そこで、Googleなどで所属先を確認しますが、中には、「大学あてに送ってもらっても、届かないことが多いので、自宅に送ってほしい」という人がいます。ところが、当の本人が転居の案内メールさえ寄こさないので、かつて「転居先不明」で出版社宛てに返送されてきたことがあります。メールで現在の自宅住所を問い合わせるのも筋違いですから、憤慨して、その人には、二度と献本を送らないことにしました。

また、各大学が独自の対応を定めていたり、中には単に事務がルーズなため、郵便物が度々紛失したりする大学もあるようです。日本の研究者は、今でも礼状メールくらいは送ってくださるのですが、このような場合には、献本が届いたことさえも、本人が知らず、また出版社に返送されるわけでもないので、私も事情が分かりません。あるいは、本の内容が気にいらなかったのかと思い、以後は、献本を送らないようにしています。

独自のルールを定めている例としては、
 https://bunnkei-kanribu.jim.tmu.ac.jp/shomu/mail/
 リンク

礼状(メール)の例については、
 https://biz.moneyforward.com/work-efficiency/basic/10741/
 https://masterpublish.com/thanksletter/

今回は、少なくとも私の献本分については、メールを送って、宛先を確認しましたが、よく考えれば、献本にそんな手間がかかるのであれば、もう献本はやめてしまおうかと思うことがあります。学会名簿の廃止は、プライバシー保護を目的としているようですが、そのような弊害があることも知って頂きたいです。国際私法学会では、かつてパスワードを設定して、会員には名簿をメールで送っていた時期がありましたが、数年前から完全にやめてしまったようです。

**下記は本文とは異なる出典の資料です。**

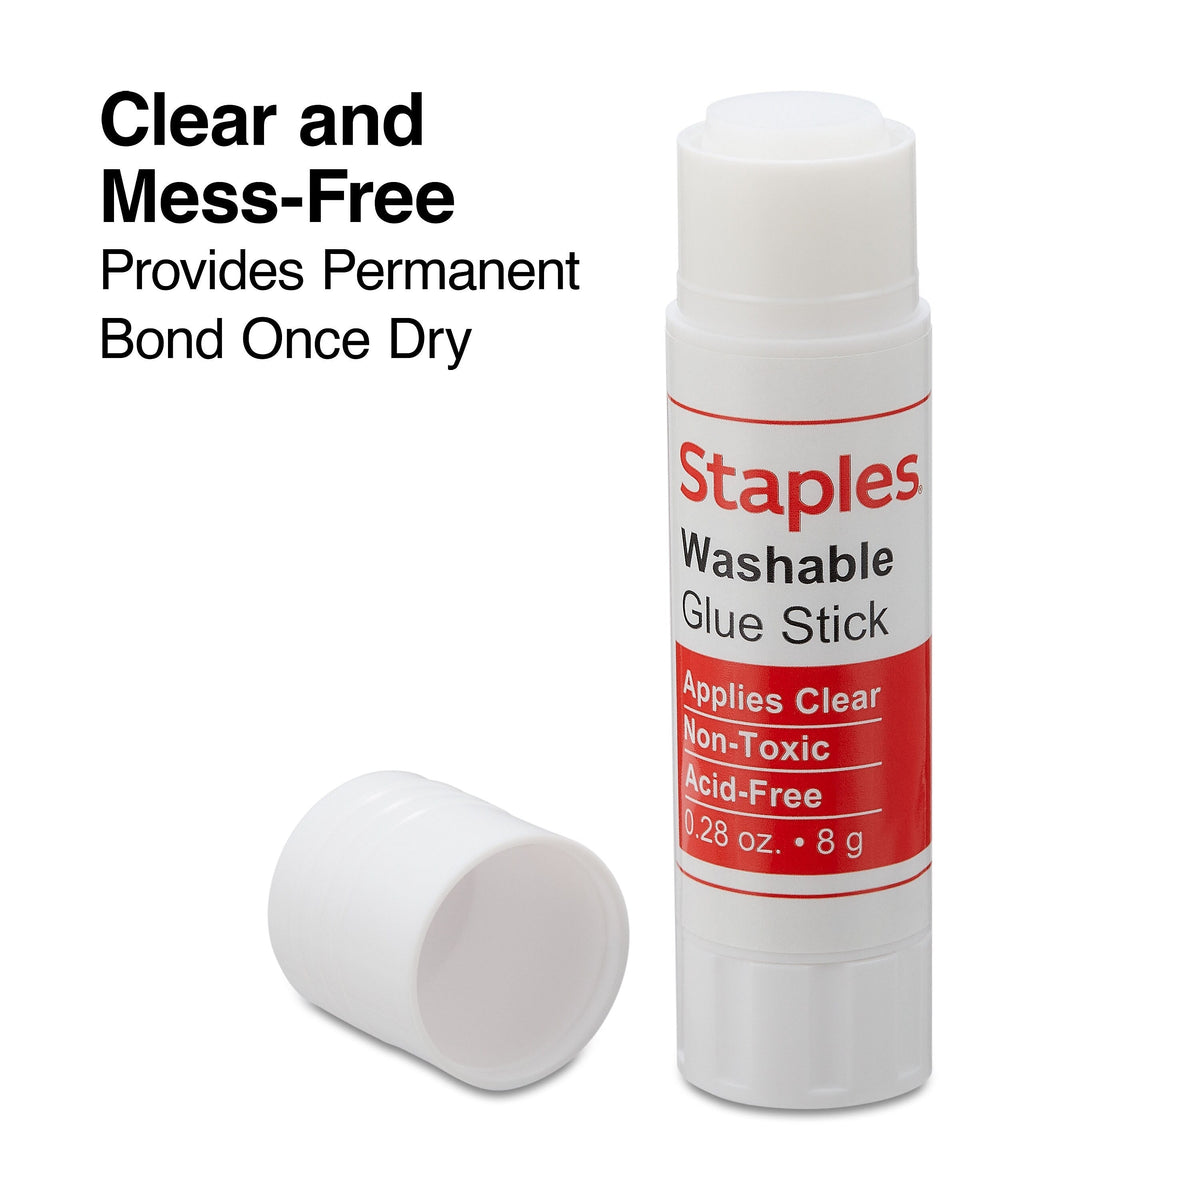 Staples Washable Glue Sticks, 0.28 oz., 36/Pack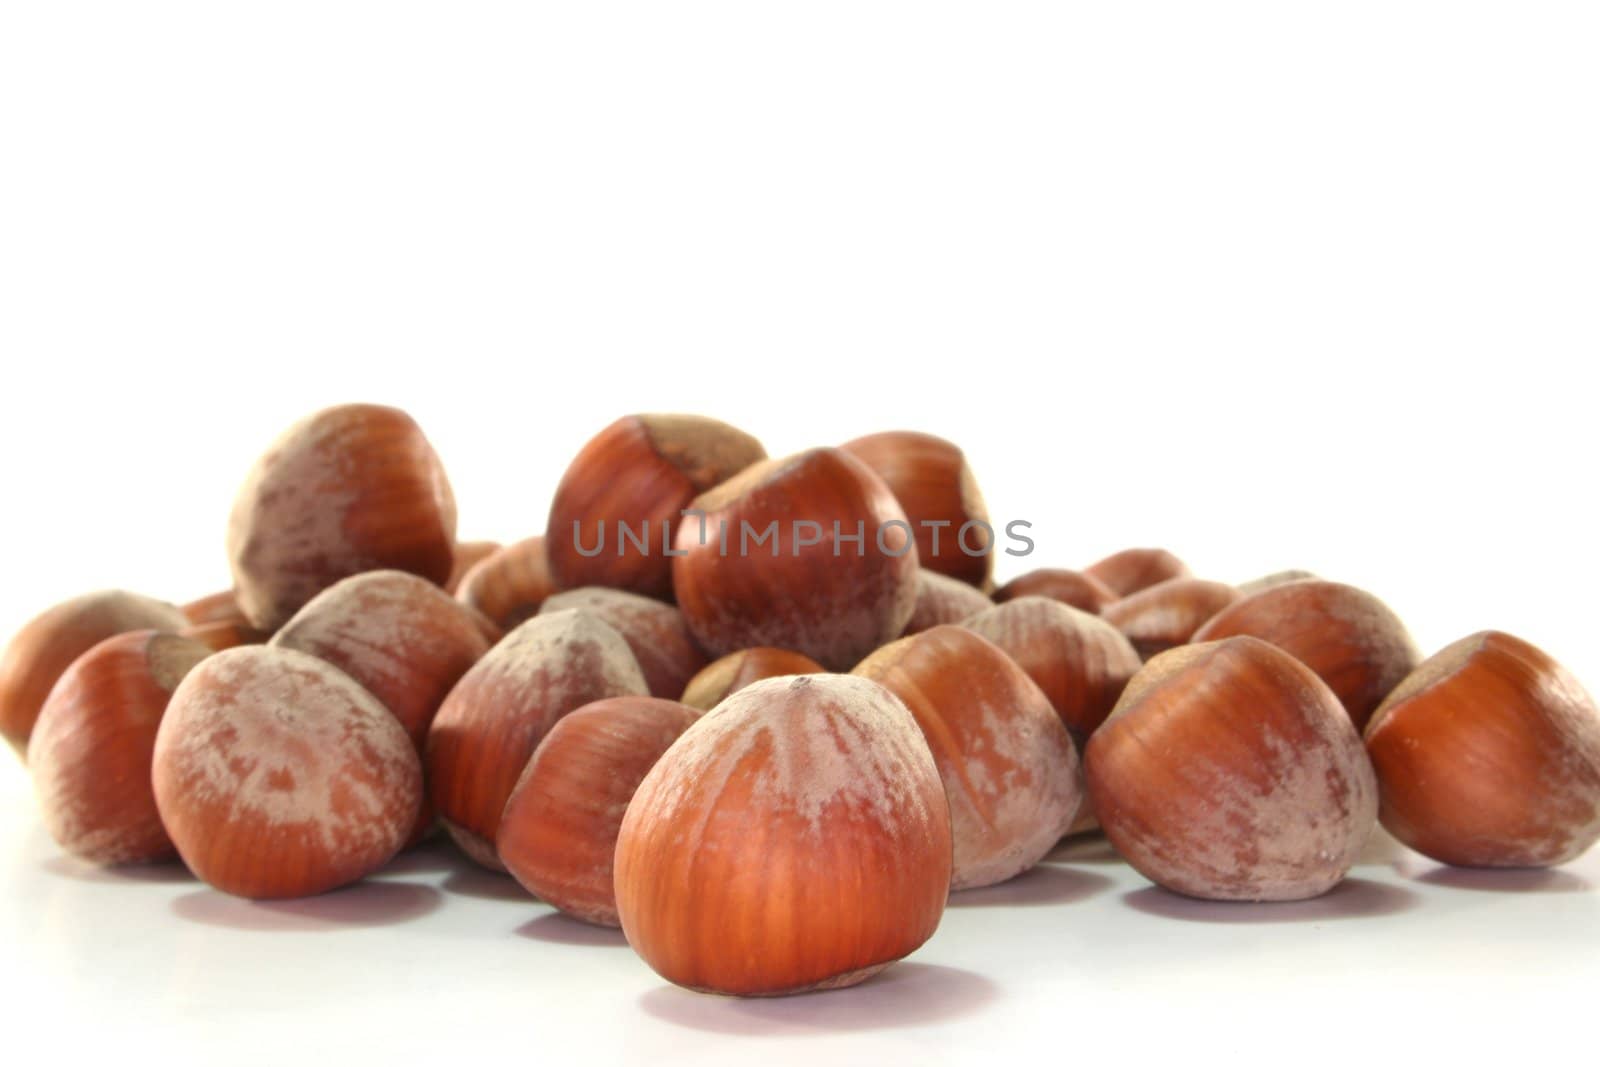 Hazelnuts by discovery

さらに勤務先に送る場合にも、Researchmapには、「現在の所属先」が掲載されているのに、大学のサイトの教員一覧には、その人が掲載されていないということがありました。同じ大学の別の人に問い合わせのメールを送ったところ、もう何年も前に退職していることが判明したので、その旨を献本依頼者に伝え、宛先を自宅住所に変更してもらいました。ちなみに、私は、今でも、Researchmapの更新をきちんと行っています。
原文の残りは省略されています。